In some embodiments, the image processing system may generate spatial data of video setting 1000 based on the captured image data, consistent with disclosed embodiments. For example, using methods of homography, the program may detect object edges, identify objects, and/or determine distances between edges in three dimensions.

In some embodiments, in a synthetic video generated for video setting 1000, synthetic person 1004 may follow path 1008 to walk to chair 1012, sit on chair 1012, walk to couch 1016, sit on couch 1016, then walk to exit to the right. In some embodiments, synthetic person 1004 may interact with objects in video scene 1000 (e.g., move table 1014; take something off bookshelf 1018). Synthetic person 1004 may be a regular bank customer or may be a bank robber. Image inspection system (also known as identification system) 105 may generate synthetic person 1004 for surveillance purposes, consistent with disclosed embodiments. Inspection system 105 may further generate video setting 1000 for use with a model training module (e.g. model generator 120 and/or training data module 430) consistent with this disclosure.

Referring now to FIG. 11, there is shown a flow chart of an exemplary first inspection process 1100, consistent with disclosed embodiments. In some embodiments, first inspection process 1100 may be executed by identification system 105 (which may include image recognizer 110, model generator 120, and image classifier 130).

In step 1102, identification system 105 (FIG. 1) may obtain, or generate, a plurality of synthetic images, the synthetic images representing a range of scenes. The range of scenes may include at least one of a face looking at the image sensor or a keypad of an automated teller machine (ATM). Inspection system 105 may first generate a large amount of synthetic images of the same scene, with small variations from one image to another. For example, a large amount of synthetic images may include tens of thousands of images, and small variations may include small differences in captured objects, including position, color, and orientation in a particular frame with respect to the same scene. Identification system 105 (FIG. 1) may also receive a plurality of synthetic images from stored databases and online resources.

In step 1104, identification system 105 (FIG. 1) may train a classification model (M1). Identification system 105 may train M1 to classify, based on the synthetic images, a plurality of images captured from an environment of a user by an image sensor. Identification system 105 may also train at least one of a logistic regression model, convolutional neural network, and other supervised machine learning classification techniques. Synthetic images may be fed to model M1 at a training time. The process of synthetic image generation may take a short or brief amount of computer time. The process of training M1 may take additional computer time. Once done, M1 may be deployed and may have an idea of what it is that it is trained to look for. For example, if 10s of thousands of images show a variety of doors in all positions, shapes, colors, open/closed/half-open, etc., M1 now has an enhanced idea of what a door looks like in any image. More specifically, M1 may be able to examine its model and compare doors in all positions, shapes, colors in order to teach the model of an appearance of a door for any prospective image.

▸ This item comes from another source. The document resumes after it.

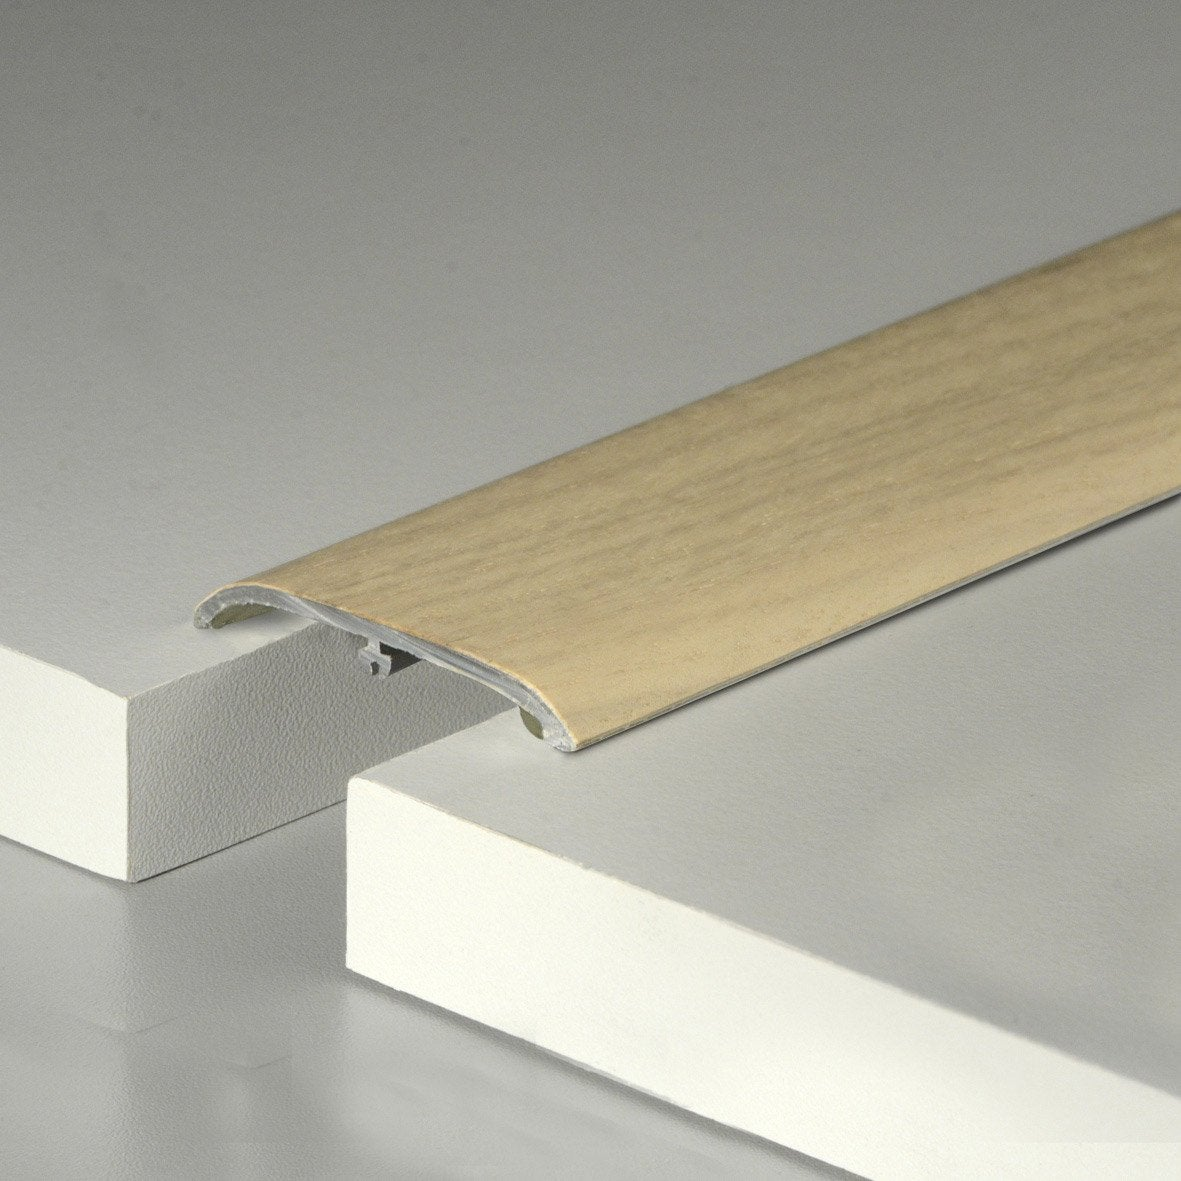 barre de seuil plaqu e ch ne naturel pour parquet cm x mm leroy merlin. Black Bedroom Furniture Sets. Home Design Ideas
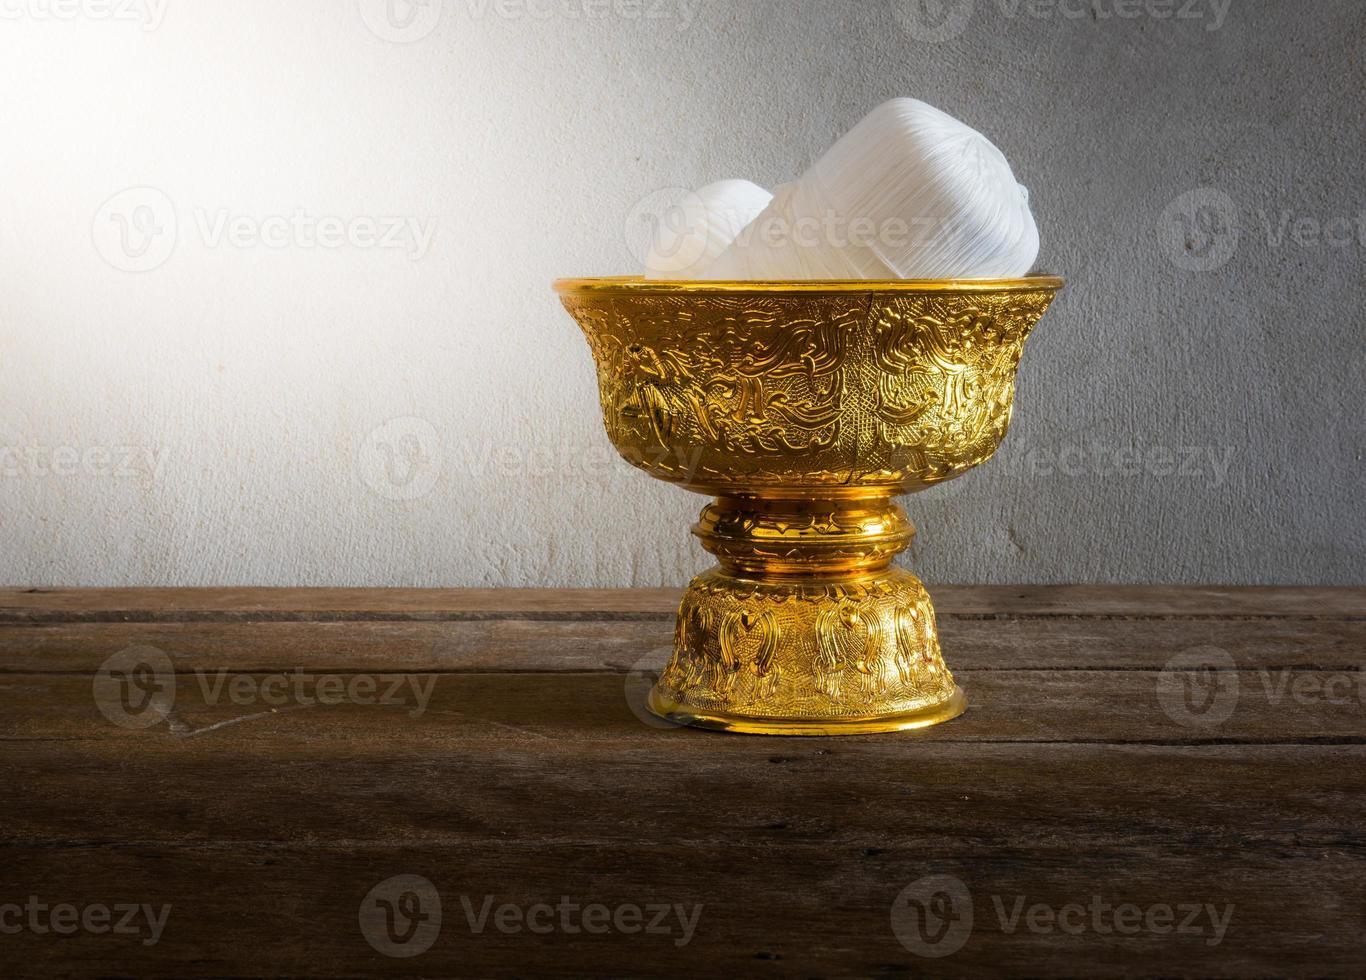 heilige draad in het gouden dienblad van thailand met voetstuk foto

In step 1106, identification system 105 (FIG. 1) may capture a plurality of images from an environment of a customer or user. Image sensor 620 (as shown in FIG. 6) may be used to capture images from the environment of the user. In step 1108, identification system 105 (FIG. 1) may classify the adherence of environment images using M1. For example, an environmental image from step 1106 may be transmitted to M1. Additionally, the environmental image may display a door, and M1 may not need to generate additional synthetic images because the knowledge of the appearance of the door may be previously embedded within the weights (synapse weights) of neural network model M1. In addition, consistent with this disclosure, M1 may inform inspection system 105 if the environment image contains a door or not, where the output may be binary “yes/no,” or “yes, there is a door in this image,” or “no, there are no doors in this image.” Other textual outputs may be contemplated. In other embodiments, M1 may not only be able to identify a door, but also may identify a user of a pixel or distance position exactly in the image where the door is located. In some embodiments, every pixel in the image may be classified as if the pixel belongs to an object representing a door (or a face, or ATM keypad, or a cat or dog, etc.).

In step 1110, identification system 105 (FIG. 1) may determine the position of the image sensor. For example, identification system 105 (FIG. 1) may determine that the user is operating an automated teller machine (ATM) or bank branch (or that a door exists in an image) and based on the determination, alter the position of the image sensor. Identification system 105 (FIG. 1) may also determine that the face of the user is looking at the image sensor, and based on the determination, alter the position of the image sensor. Altering of the position of the image sensor may also be performed according to the following equation:

Distance to object ( mm ) = f ( mm ) × real height ( mm ) × image height ( pixels ) object height ( pixels ) × sensor height ( mm )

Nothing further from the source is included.